| I feel this. I take breaks. But I also get drawn to overworking ( as I'm doing right now ), which I justify because "I'm just keeping an eye on the agent". It's hard work. It's hard to explain what's hard about it. Watching as a machine does in an hour what would take me a week. But also watching to stop the machine spin around doing nothing for ages because it's got itself in a mess. Watching for when it gets lazy, and starts writing injectable SQL. Watching for when it gets lazy, and tries to pull in packages it had no right to. We've built a motor that can generate 1,000 horse power. But one man could steer a horse. The motor right now doesn't have the appropriate steering apparatus. I feel like I'm chasing it around trying to keep it pointed forward. It's still astronomically productive. To abandon it would be a waste. But it's so tiring. |
The other tax is the intermittent downtime when you are waiting for the LLM to finish. In the olden days you might have productive downtime waiting for code to compile or a test suite to run. While this was happening you might review your assumptions or check your changes or realize you forgot an edge case and start working on a patch immediately.
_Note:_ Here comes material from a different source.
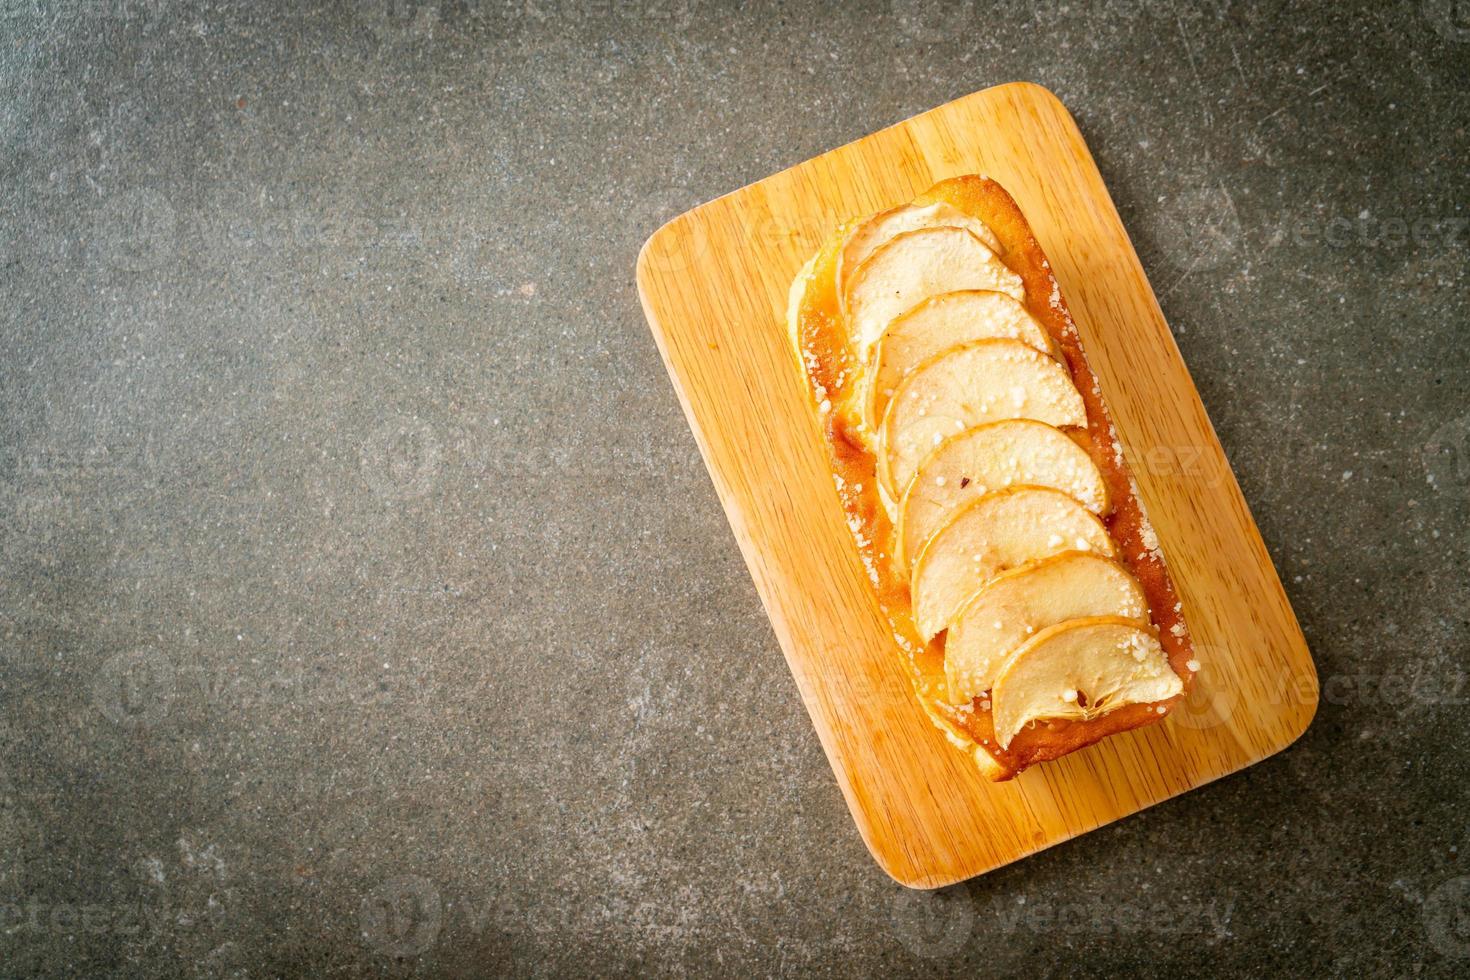 Pan de manzana desmenuzado sobre tablero de madera foto

When an LLM is running, you can't do this. Your changes are being done on your behalf. You don't know how long the LLM will take, or how you might rephrase your prompt if it does the wrong thing until you see and review the output. At best, you can context switch to some other problem but then 30 seconds later you come back into "review mode" and have to think architecturally about the changes made then "prompt mode" to determine how to proceed.
When you are doing basic stuff all of this is ok, but when you are trying to structure a large project or deal with multiple competing concerns you quickly overwhelm your ability to think clearly because you are thinking deeply about things while getting interrupted by completed LLM tasks or context switching.